Female inbred A/J mice were obtained from the Jackson Laboratories (Bar Harbor, ME) at six weeks of age and housed under microisolator caps at the UW-Madison Microbial Sciences animal care facility. The inbred A/J mouse strain was used because it is a prototypical susceptible strain of mouse regulated, in part, by the Hc locus on chromosome two (29). Mice were acclimated for one week in this facility prior to being paired with a breeding male. Female mice were infected at various times during pregnancy and after parturition. Pre-partum infections were done at 10–14 days gestation (start of 3rd trimester) or 18–20 days gestation (just prior to whelping). For post-parturition infection experiments, lactating mice were infected three days post-whelping.
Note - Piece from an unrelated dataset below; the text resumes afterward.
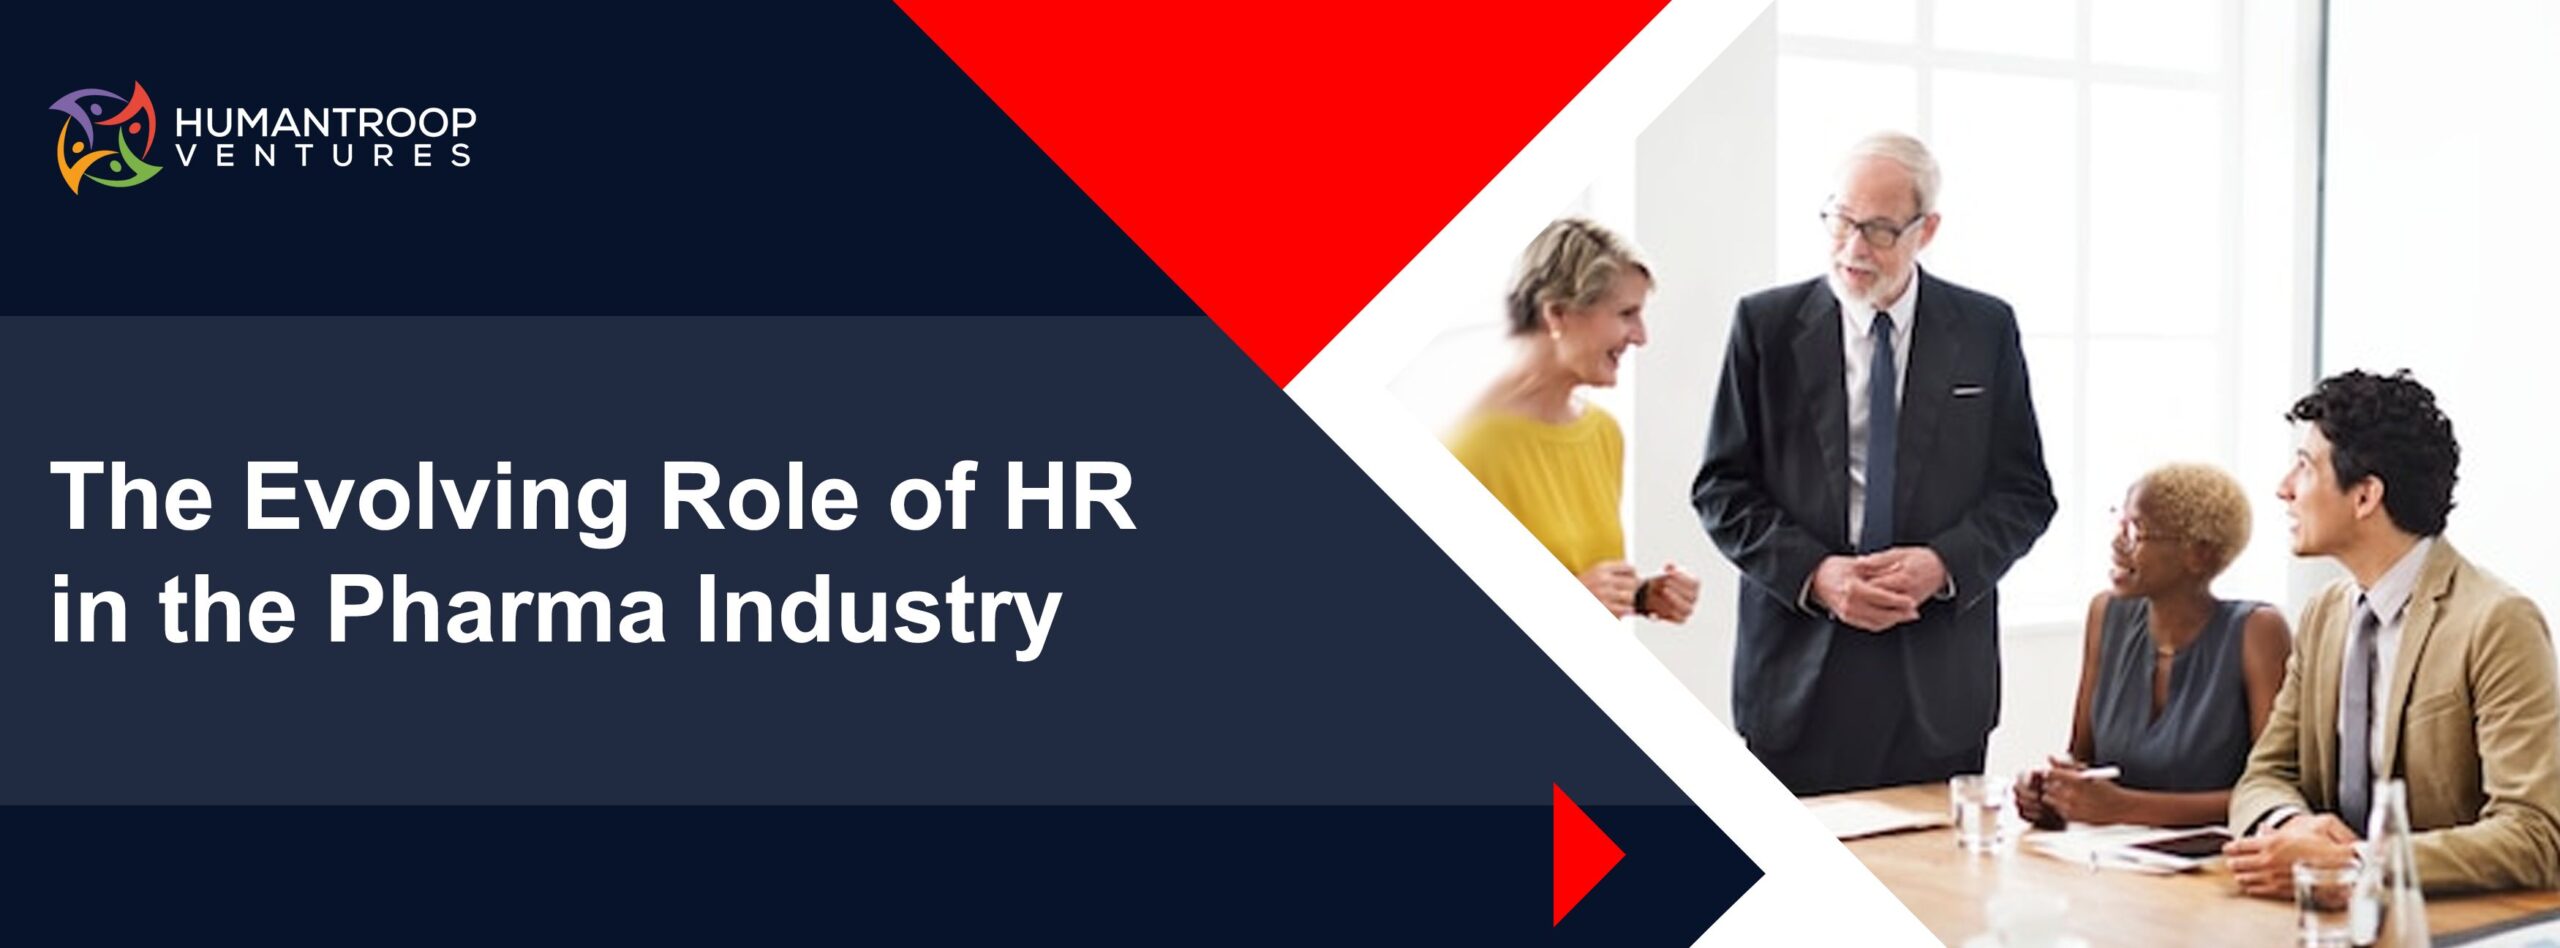 HTV blog The Evolving Role of HR in the Pharma Industry-compressed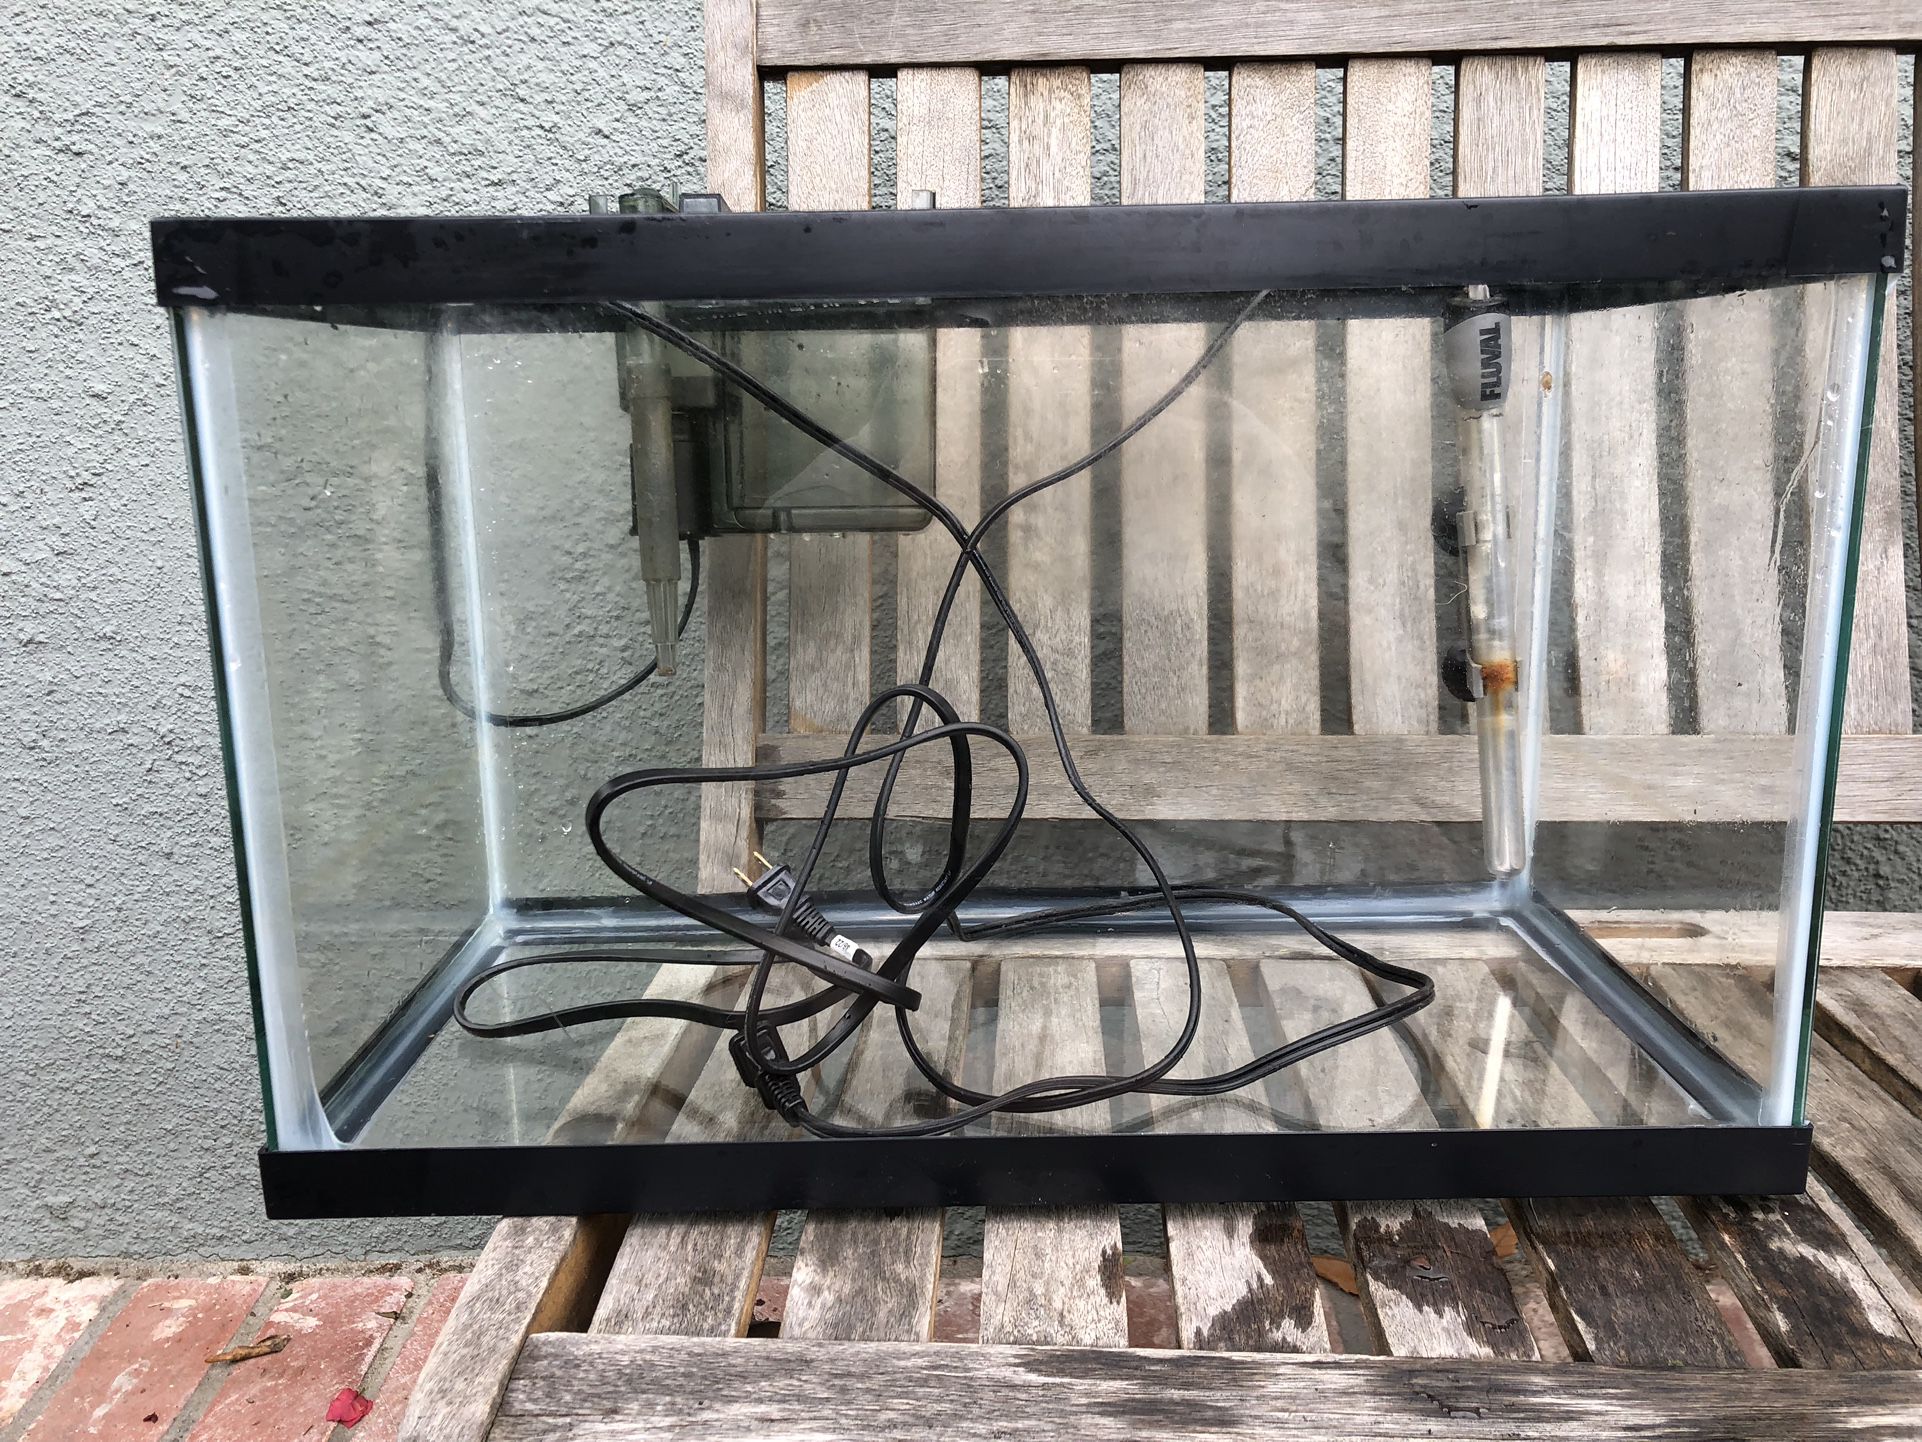 10 Gallon Fish Tank With Heater And Filter

Mice received food and water ad libitum until five hours prior to an intragastric infection experiment, at which time food was removed from the cage. This was done to minimize the risk of delivering the bacterial inoculum into stomachs engorged with mouse chow, which could lead to aspiration of the inoculum into the lungs. Mice were anesthetized by intraperitoneal injection of sodium pentobarbital (40 mg/kg). When the mice were sedated, the listerial inoculum (106 colony forming units (CFU)) was introduced (in a total volume of 0.1 ml 0.9% NaCl) via a 1.5 in.-long, 24 gauge, stainless steel oral esophageal tube attached to a 1-ml syringe.

Bioluminescence imaging of mammary glands and vaginal secretions

Bioluminescence imaging was performed using an IVIS® 200 Imaging System (Caliper Life Sciences, Hopkinton, MA) as instructed by the manufacturer. Two hours prior to imaging, dams were removed from the pups to allow mammary engorgement. Five minutes prior to imaging, the mice were injected with 10 USP units of oxytocin (Bimeda, Dublin, Ireland) to stimulate milk let down to the gland cistern. Imaging the vaginal secretions of mice experiencing abortion after infection were imaged without prior preparation. All imaged mice were anesthetized with isoflurane and bioluminescence was recorded for one to three minutes at a pixel binning of eight. Blood agar plates were imaged for ten seconds at a pixel binning of eight. Bioluminescence was measured as total photon flux (photons/s/cm2) by the Living Image® software package (Caliper Life Sciences, Hopkinton, MA).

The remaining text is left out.